▶ _HOW TO COMPLETE THIS TASK_
Retype the material that follows exactly, limited to the lines from the one with "Iowa 1, Map 24" through the one with "Poesie und Abenteuer", and keep out all pictures.

▶ _EXERCISE DATA_

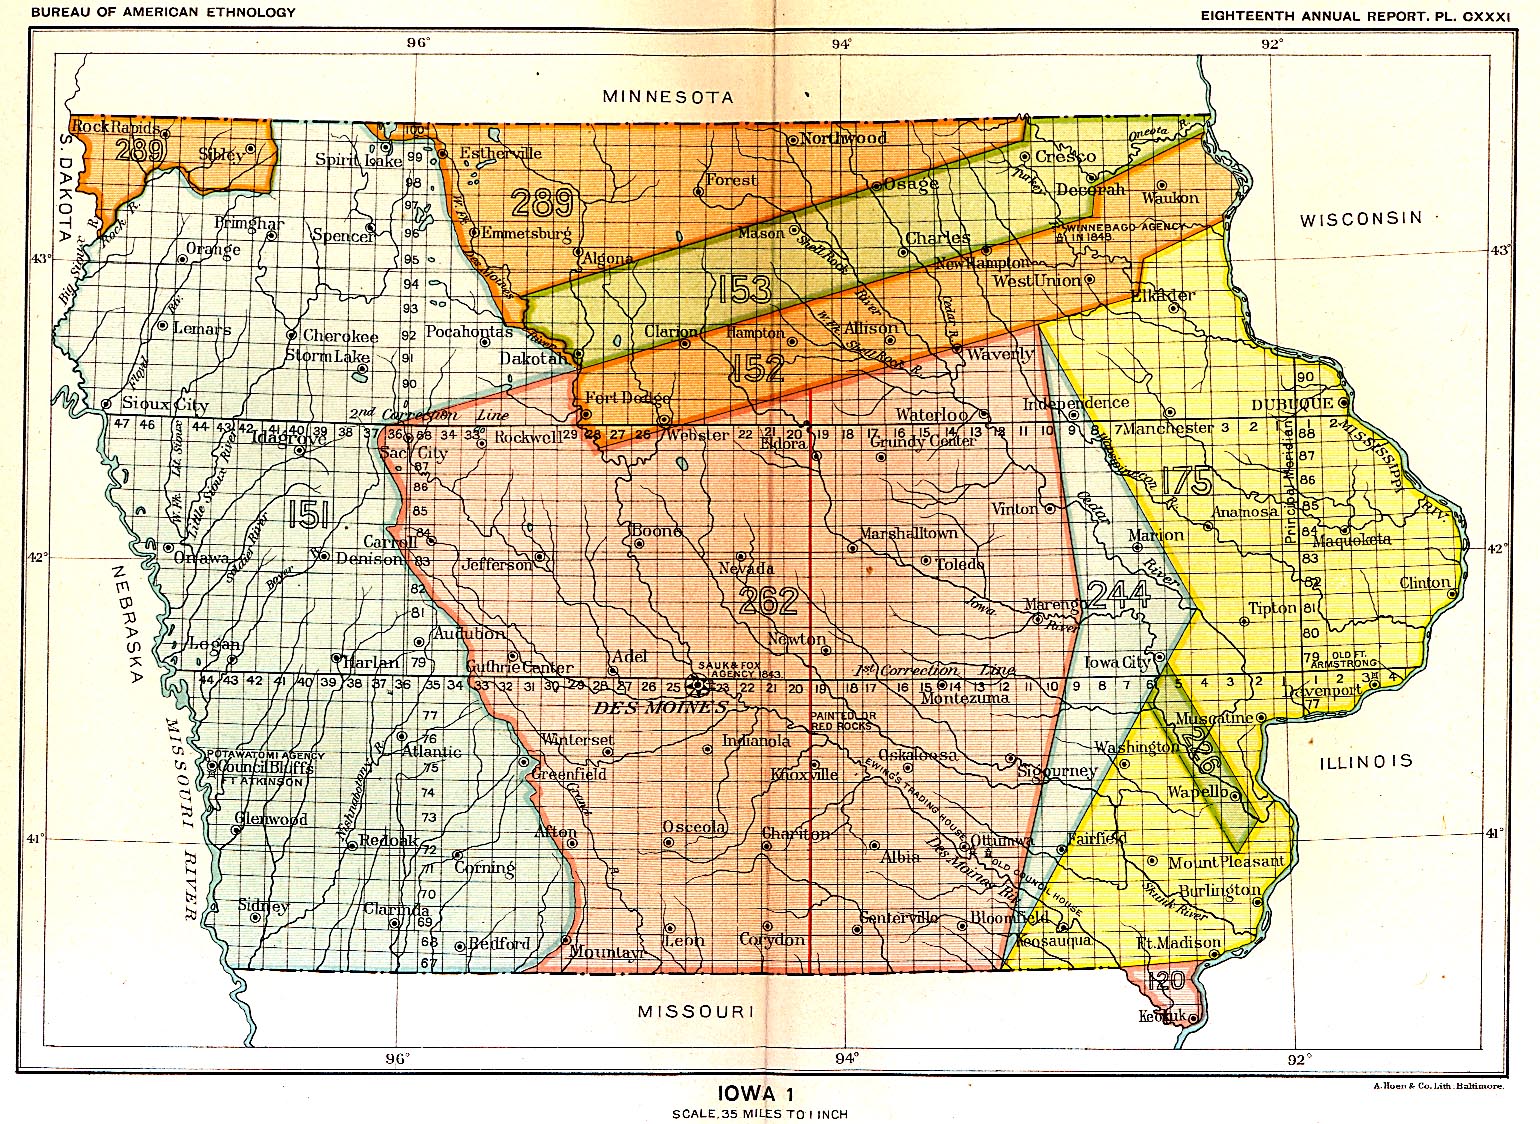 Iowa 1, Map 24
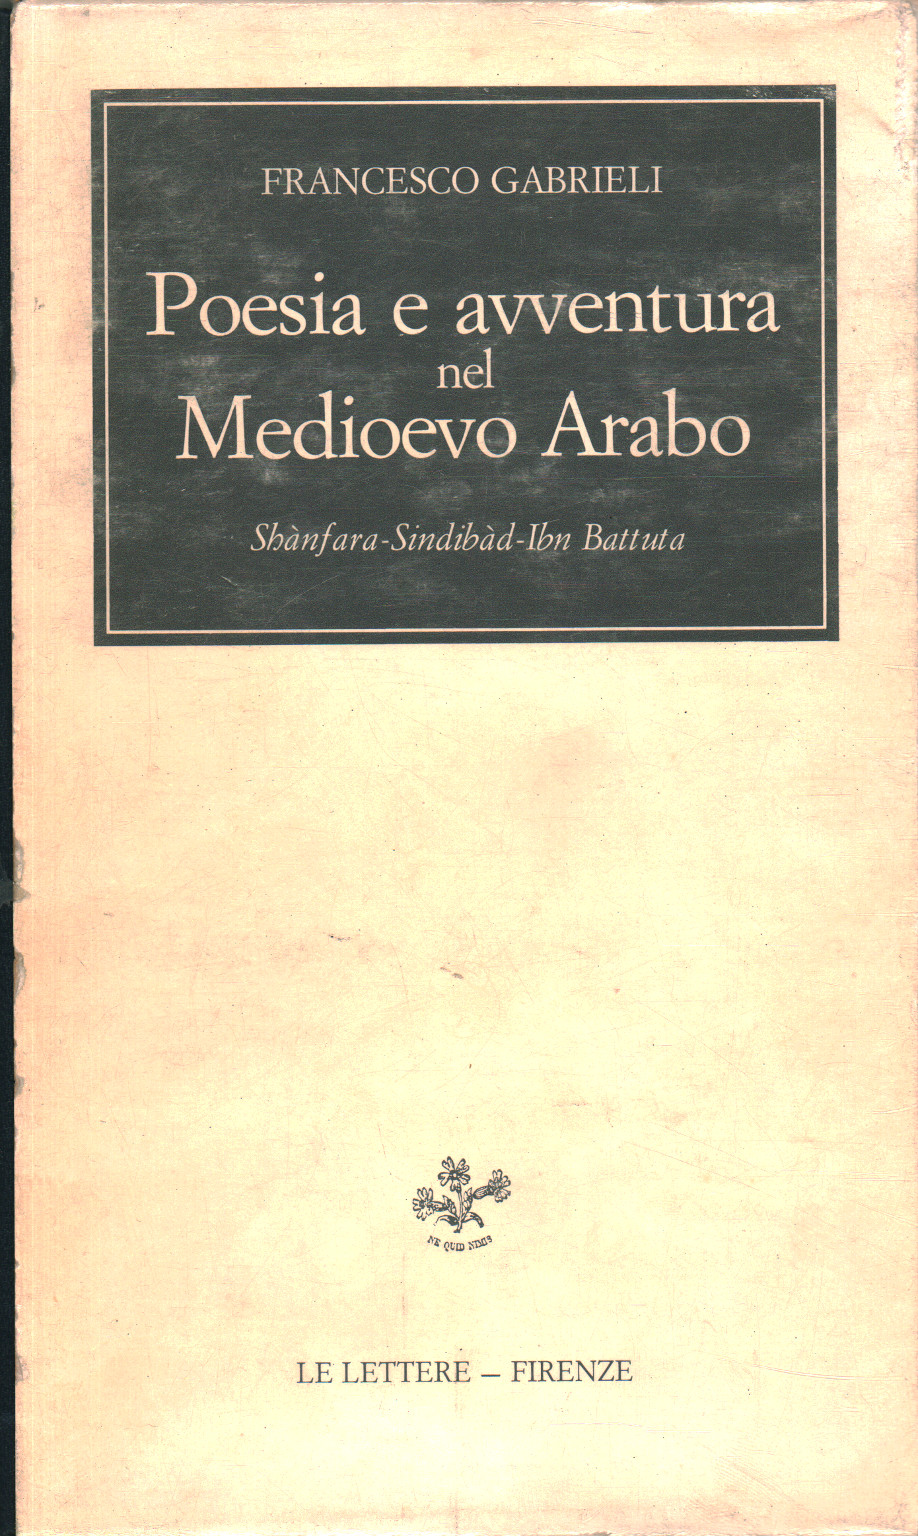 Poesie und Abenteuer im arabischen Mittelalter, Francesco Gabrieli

==

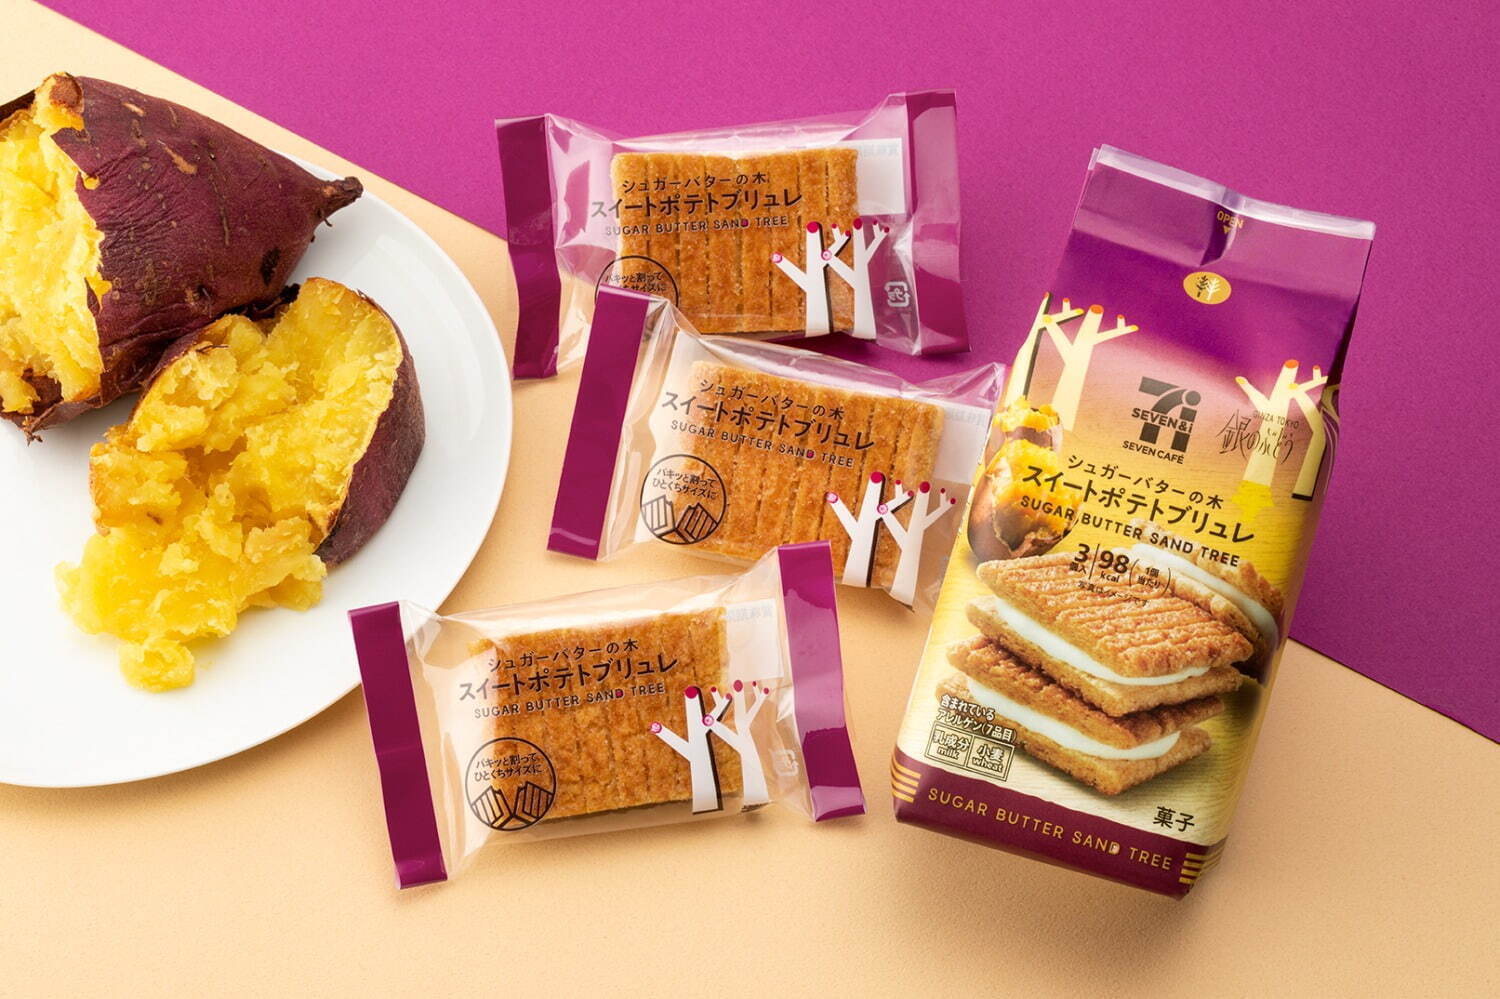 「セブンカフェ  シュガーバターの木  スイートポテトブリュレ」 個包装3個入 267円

▶ _RESULT_
 Iowa 1, Map 24
 Poesie und Abenteuer im arabischen Mittelalter, Francesco Gabrieli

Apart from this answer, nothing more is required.